4. She felt anger simmering inside her.

 

 

Vocabulary PDF

Title: “Unwrapping Language Learning: Harnessing the Power of ‘Vocabulary PDF'”

In the digital age, the way we learn languages has transformed dramatically. Among the myriad of resources at our disposal, a ‘vocabulary PDF’ serves as an incredibly effective tool. It offers a structured, accessible and convenient method of enhancing our language skills. To maximize the potential of ‘vocabulary PDF’, it is crucial to understand how to make the most of it.

First off, when venturing through the process of learning with a ‘vocabulary PDF’, maintaining consistent learner engagement is pivotal. This involves regular revision sessions where you consistently go back and refresh your memory about previously learned words.
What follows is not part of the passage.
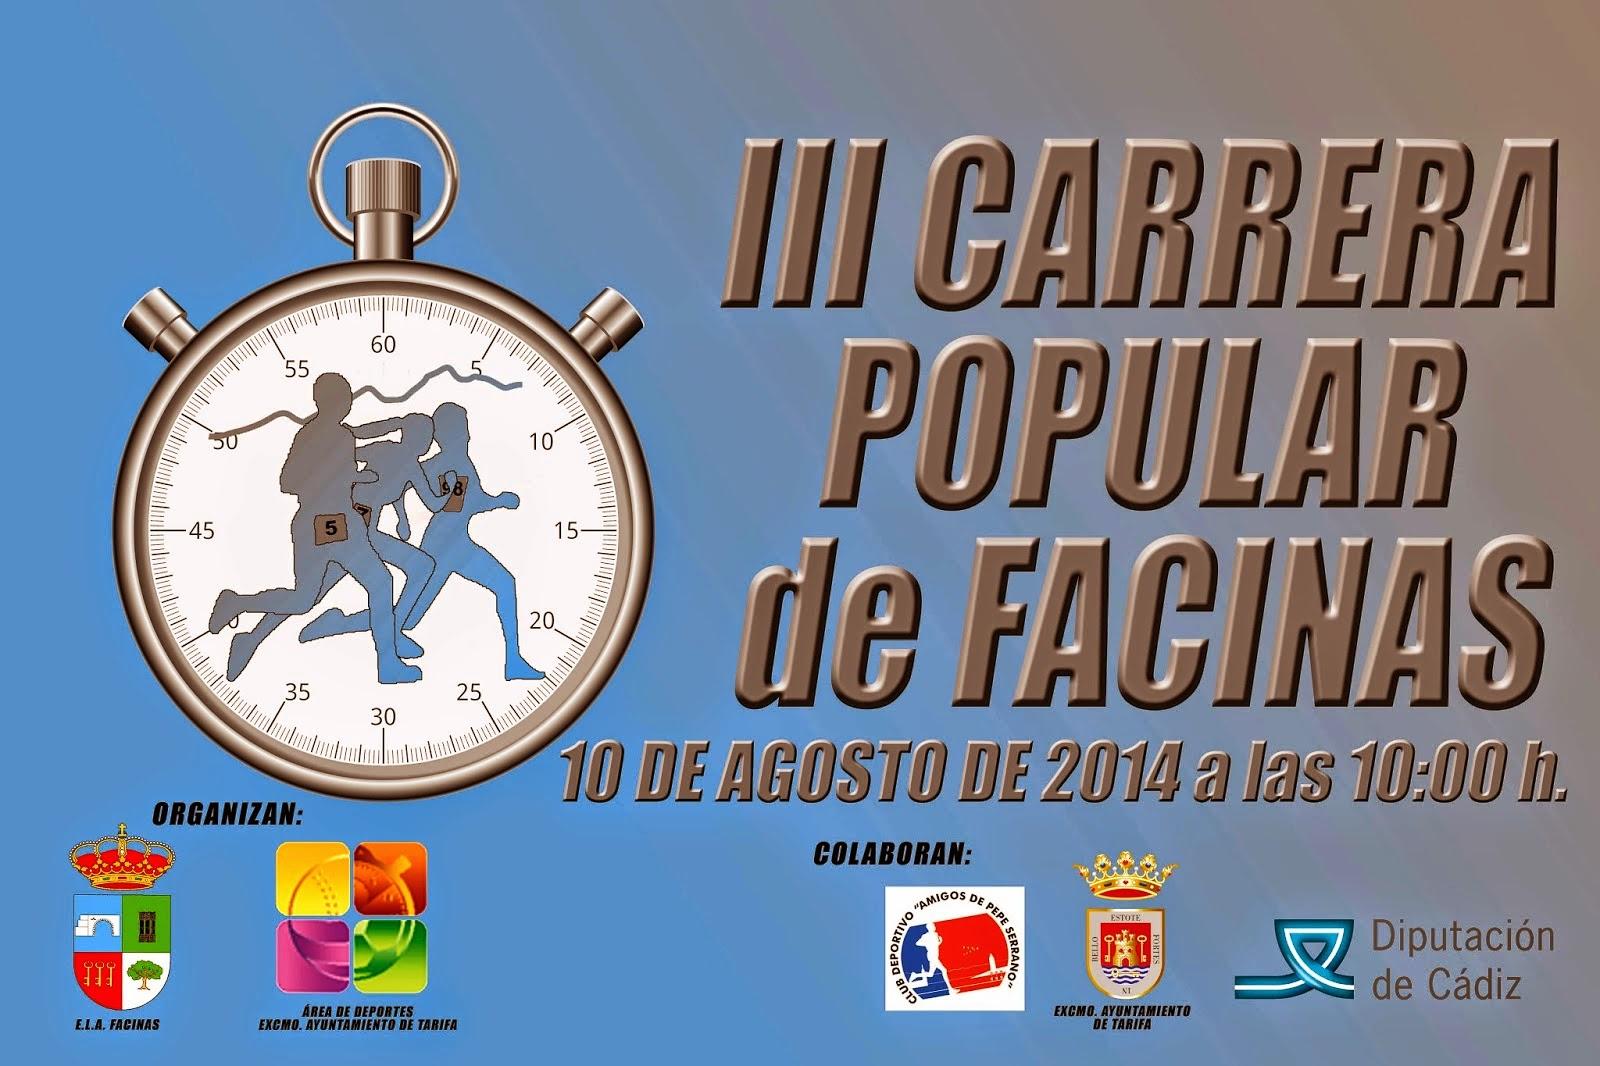 III CARRERA DE FACINAS

This cyclic process is particularly effective in promoting long-term retention of the vocabulary.

While leveraging a ‘vocabulary PDF’, it’s also beneficial to annotate as you progress. Annotation brings an interactive aspect to your learning, making it dynamic and personalized. Make notes of context, synonyms, antonyms, or even create sentences using the new words. This engagement with the ‘vocabulary PDF’ aids in imbibing the meaning and usage of the words.

Another strategic approach to mastering a ‘vocabulary PDF’ is to utilize a reading aloud technique. Listening to the words as you speak them out loud can stimulate auditory learning, enhancing your pronunciation and comprehension of the vocabulary.

When using a ‘vocabulary PDF’, it is also advantageous to supplement your learning through applications of the new words. Write an essay, engage in a conversation, or post on social media using the new words. This reinforces the acquired vocabulary, augmenting your grasp over them.

In conclusion, a ‘vocabulary PDF’ is a potent instrument that, when harnessed effectively, can significantly bolster your language learning journey. It requires a blend of consistent revision, active annotation, auditory engagement, and practical application. With these strategies in hand, mastering ‘vocabulary PDF’ can be a rewarding and successful experience that fuels your linguistic endeavors.

Content Ads 02 Sample 01

Join our Free TELEGRAM GROUP for exclusive content and updates

Rsz 1rsz Close Img

Join Our Newsletter

Get the latest updates from our side, including offers and free live updates, on email.